#### EXERCISE OBJECTIVE
Copy nothing before the line that contains "Convenio Banco Credichile"; from there, transcribe each line exactly through the end of the material, omitting pictures.
*** PROVIDED RECORDS ***
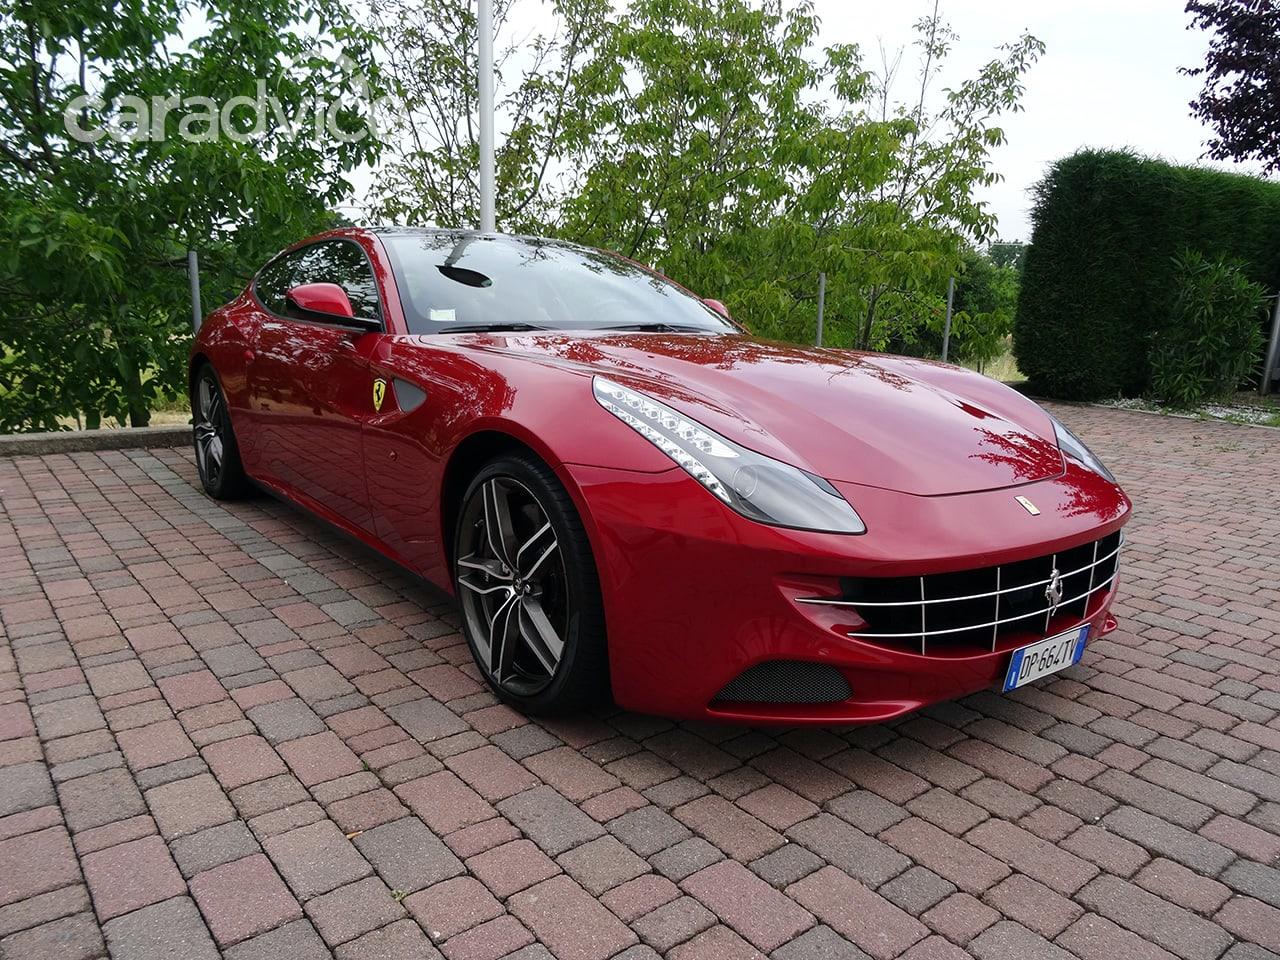 Ferrari Ff Review   Maranello To Monte Carlo Via The Cisa
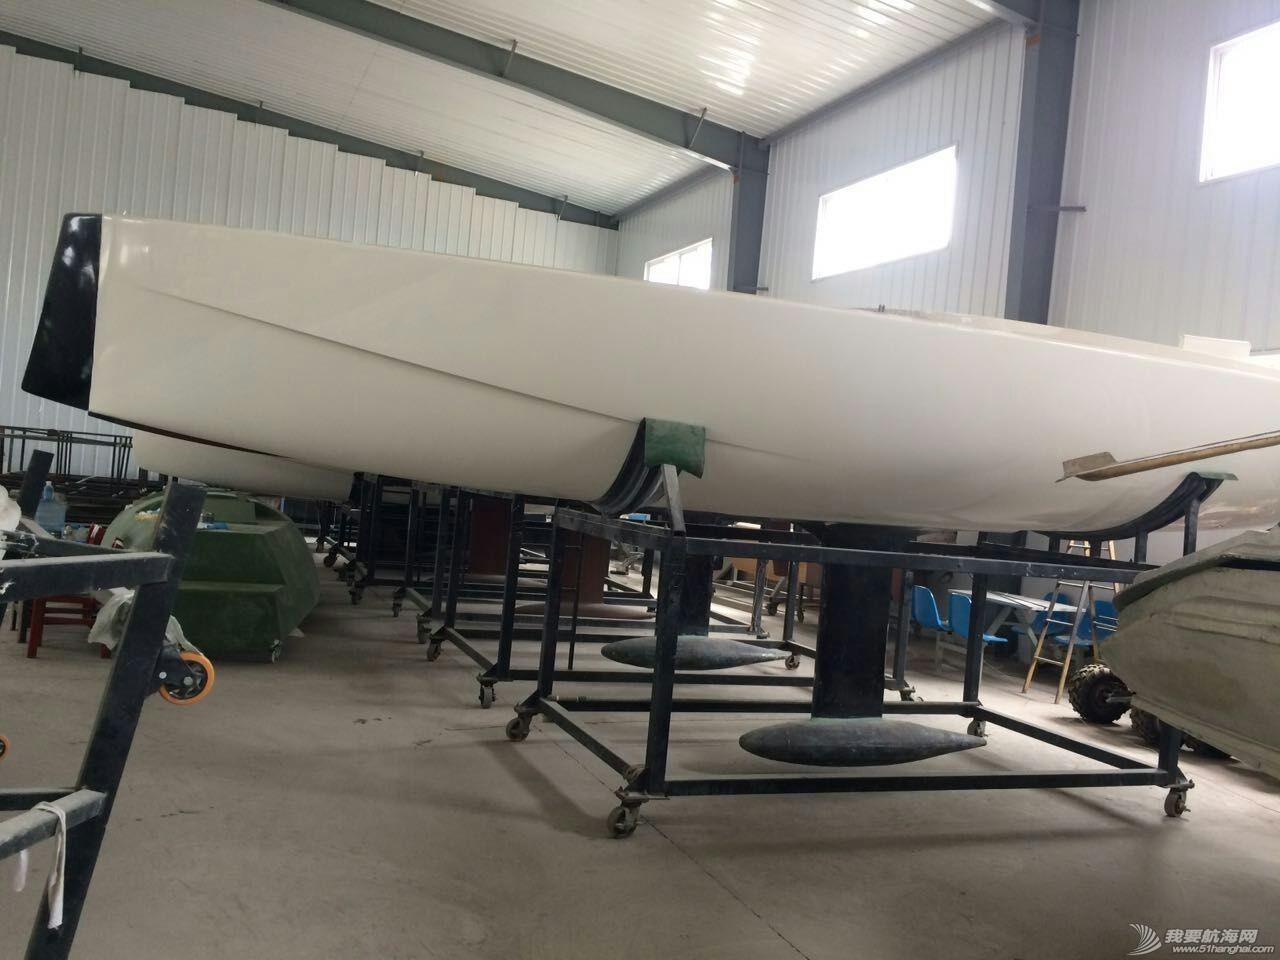 帆船,二手8米帆船,低价出售 8米帆船低价出售
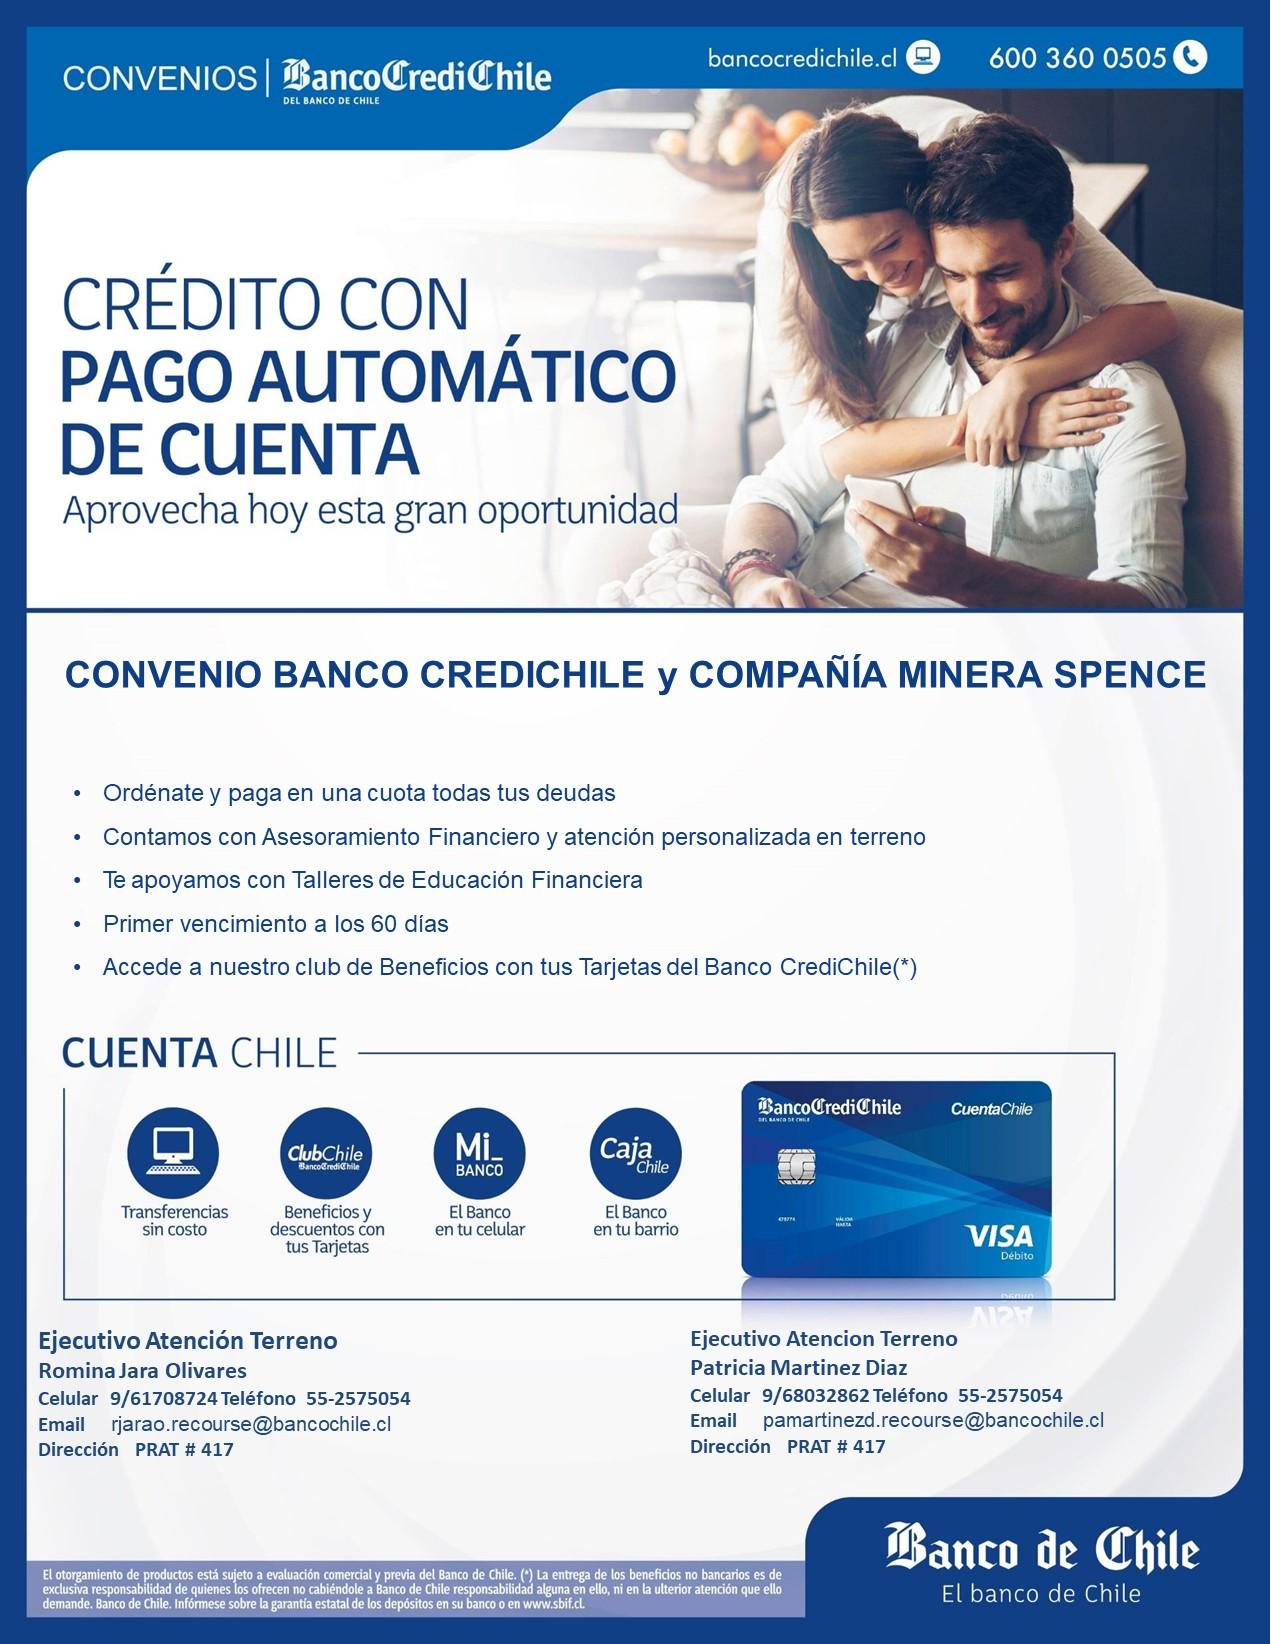 Convenio Banco Credichile
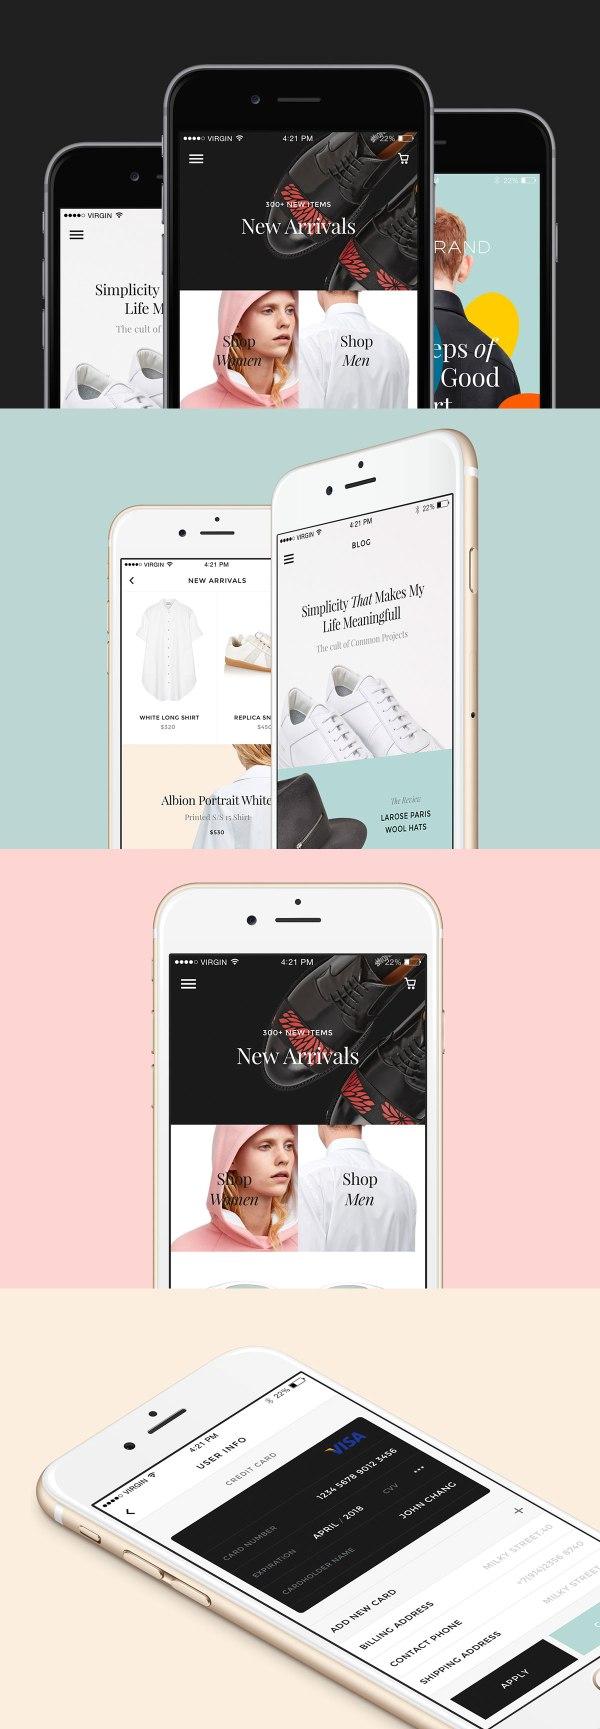 Free UI Kit - Monobrand iOS UI Kit - Sample
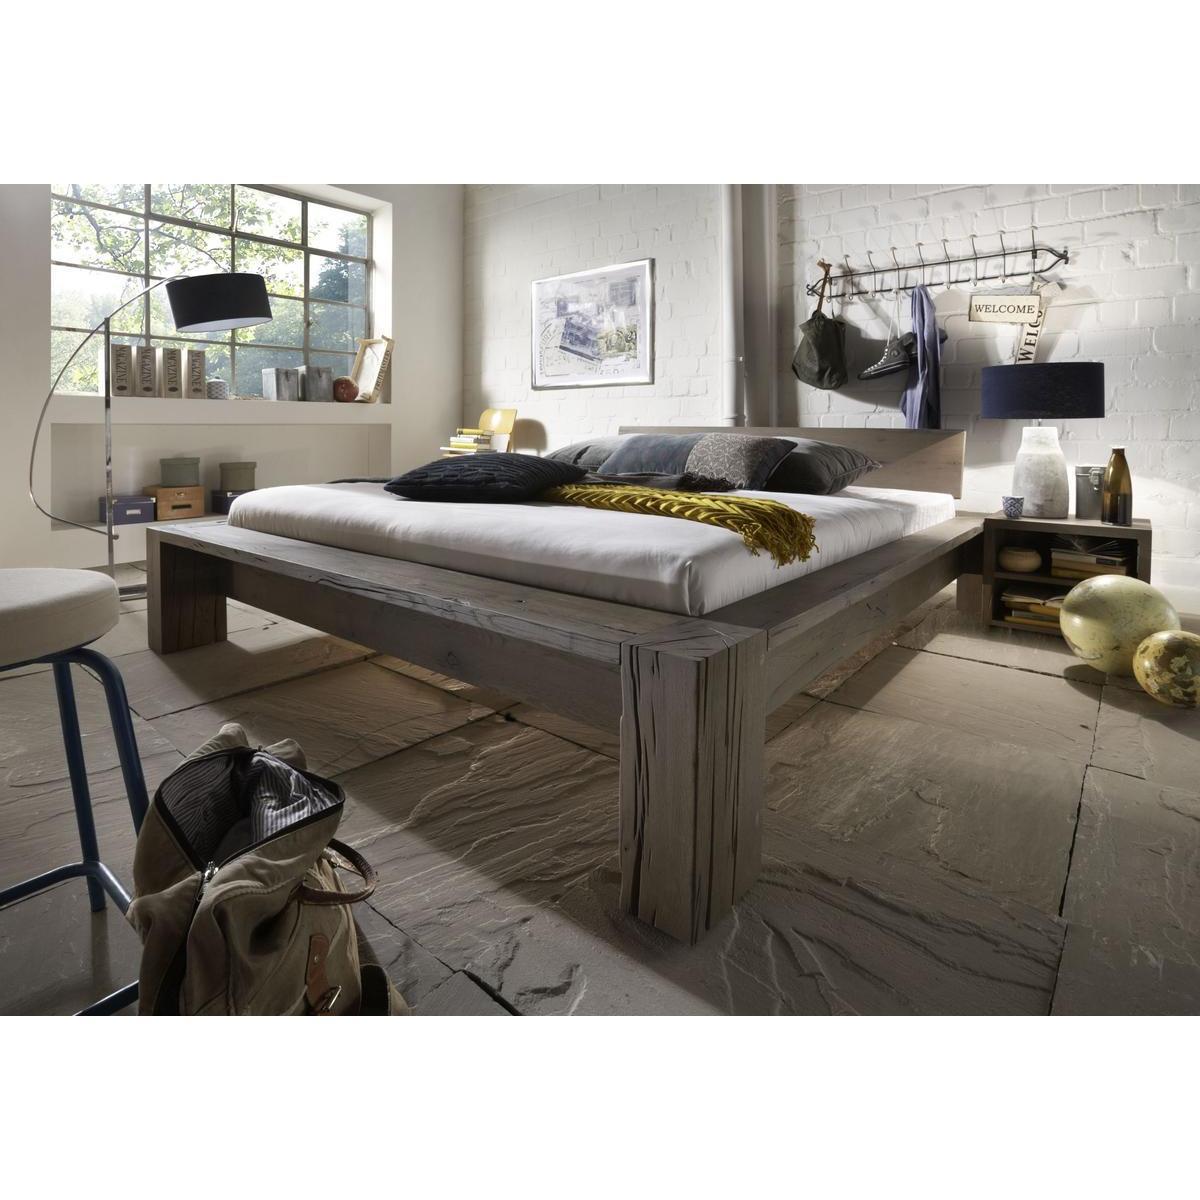 Altholz Bett Selber Bauen Balkenbett Kaufen Top Komplett Betten
*** End of PROVIDED RECORDS ***
#### TASK RESULT
 Convenio Banco Credichile
 Free UI Kit - Monobrand iOS UI Kit - Sample
 Altholz Bett Selber Bauen Balkenbett Kaufen Top Komplett Betten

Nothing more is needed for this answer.